I think this has a lesson for us, too. We often work for a long time, with relatively little in return. And then there comes a time when everything happens all at once, and it can almost be too much. Our lives are organized for the everyday and not for great success, and sometimes, if we can’t handle the sudden opportunity, we just don’t miss out on something good—we sink the boat.
This is true for churches that are growing, as they try to make sure that newer members feel welcomed, and no one slips through the cracks. It’s true for nonprofits, like the Clothes Closet, trying to navigate the huge volume of donations people want to make. It’s true, I think, for many parents, who spend so much of their time bouncing from good thing to good thing that, even though each individual activity or event is wonderful on its own, it’s hard to keep your head above the water. When our nets are so full of fish that our boats begin to sink, it can begin to feel like too much of a good thing.

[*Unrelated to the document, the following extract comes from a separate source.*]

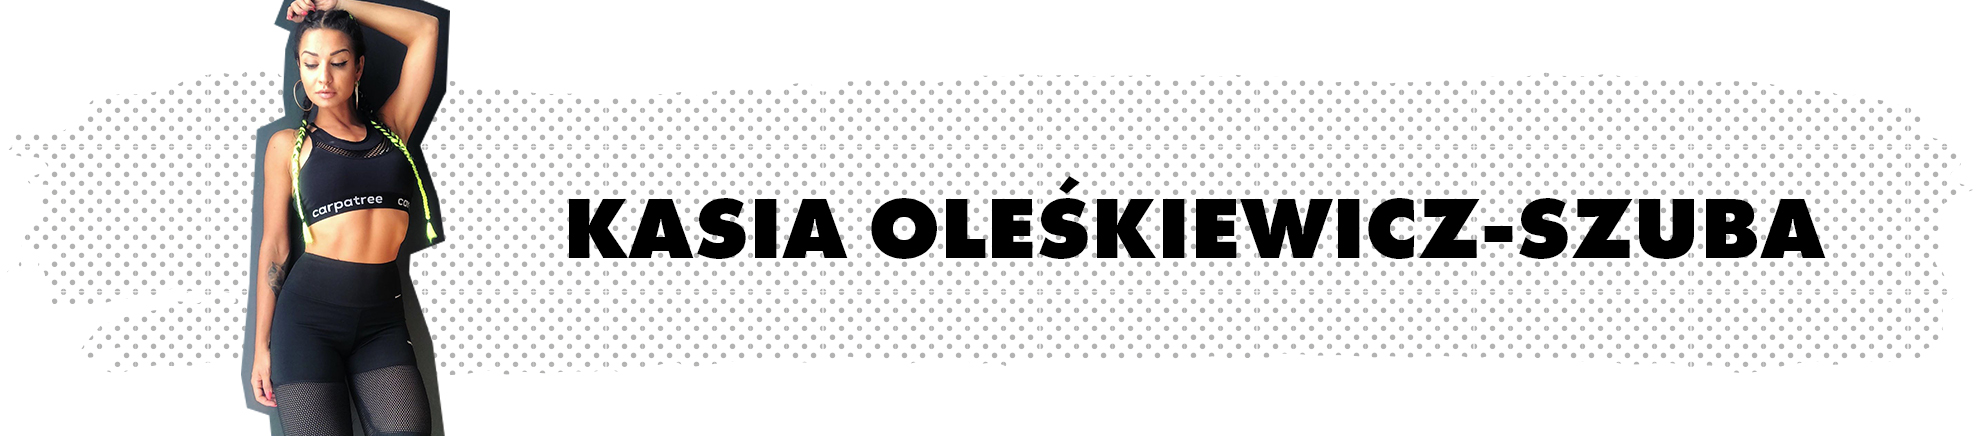 Kasia Oleśkiewicz-Szuba - Carpatree brand ambassador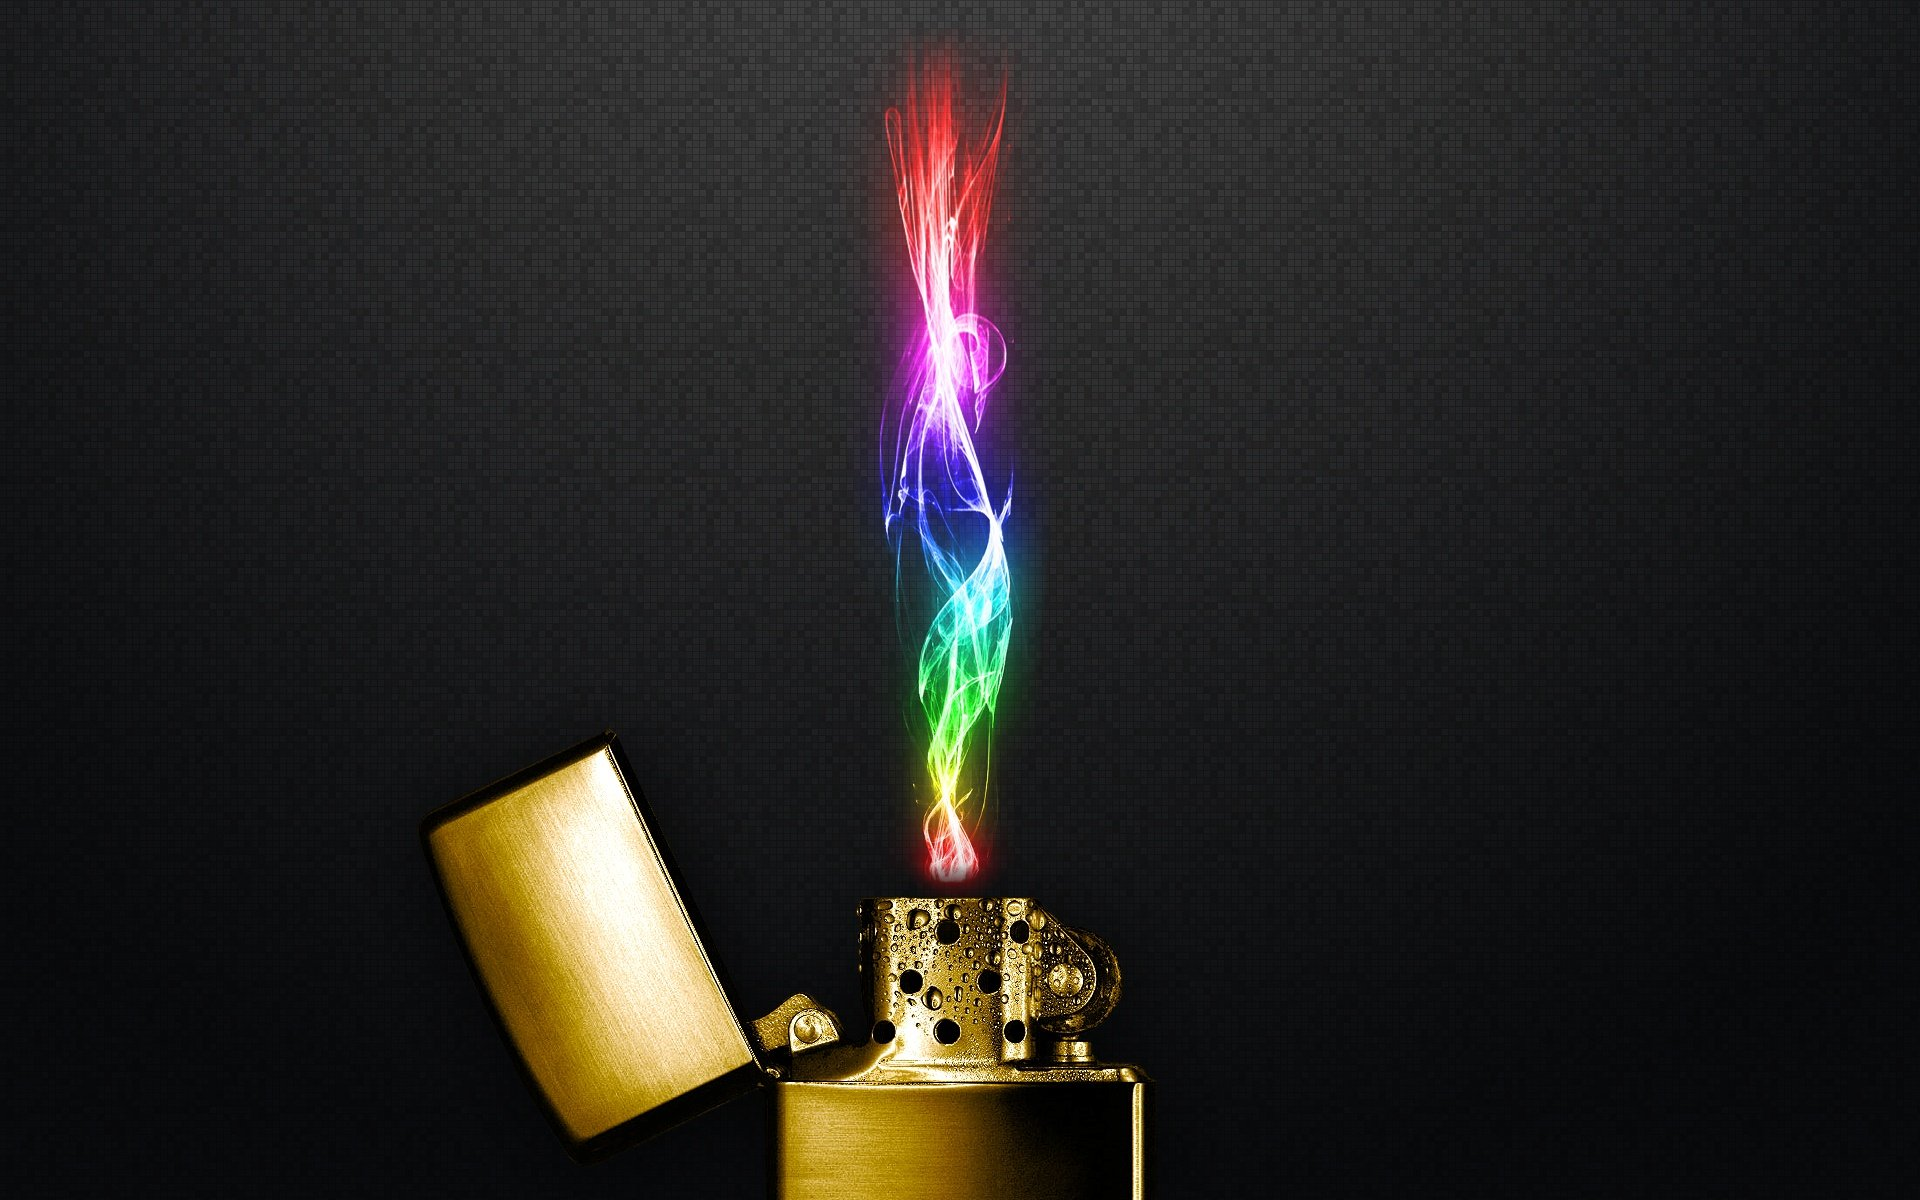 multicolor zippo lighters flame wallpaper 1920x1200

And so we come to my final, favorite scene. Peter—dear, dear Peter—is amazed. And he throws himself down at Jesus’ knees, and says, “Go away from me, Lord, for I am a sinful man!” (5:8) Now, the main benefit of having a Rector who is learned in Greek is that you get to hear the funny parts of the Bible more clearly than you do in translation, and this is an important one: strictly speaking, Peter doesn’t “fall down at” Jesus’ knees, he “falls toward” them. It reminds me of an ancient posture of distress, that you find in Homer’s epic poems, among other places, in which a person would throw himself down and clasp the knees of someone else in supplication. I like to picture the scene that way: “Go away from me, Lord! I am a sinful man!” Peter says, falling toward Jesus’ knees. “If I went away from you, Peter, I would fall down,” I imagine Jesus thinking. “You’re holding onto my legs.” But what does Jesus say instead? “Be not afraid. From now on you will be fishers of men.”
Peter feels, as many of us have, a sense of inadequacy when confronted with the task at hand, and the abundance of God’s grace. How could I be enough for this situation, in which God has placed me? How could I be enough to do this work, to which God has called me? How could I be enough to deserve the amazing gifts that God has given me? Or, in the inmost thought of every parent ever sent home from the hospital with their first-born child, “Are you really going to send us alone home with this?” Get away from me! I’m not enough for this!
And yet God draws us in with the great paradox of grace. God’s goodness and perfection draw us closer, however inadequate and imperfect we may feel. And God doesn’t punish us for loving and serving one another imperfectly. God gives us even greater gifts: “From now on, you will be fishers of men.”
So maybe you wrote one of those Annual Reports. Maybe not. Maybe you’re just passing through today. But whoever you are, you are as much a minister as I am—God has some way for you to love and to serve, some way for you to bear witness to Christ, wherever you may be.
And when you find yourself serving, when you find yourself doing your best to love the people you find around you, I pray that you may have the space to step back from the shore onto the boat and take a breath; that when your nets begin to overflow, you do not sink; and that, no matter how much you may feel that you are not enough, you fall not away from but toward the God who trusts you and who is inviting you into even greater things. Amen.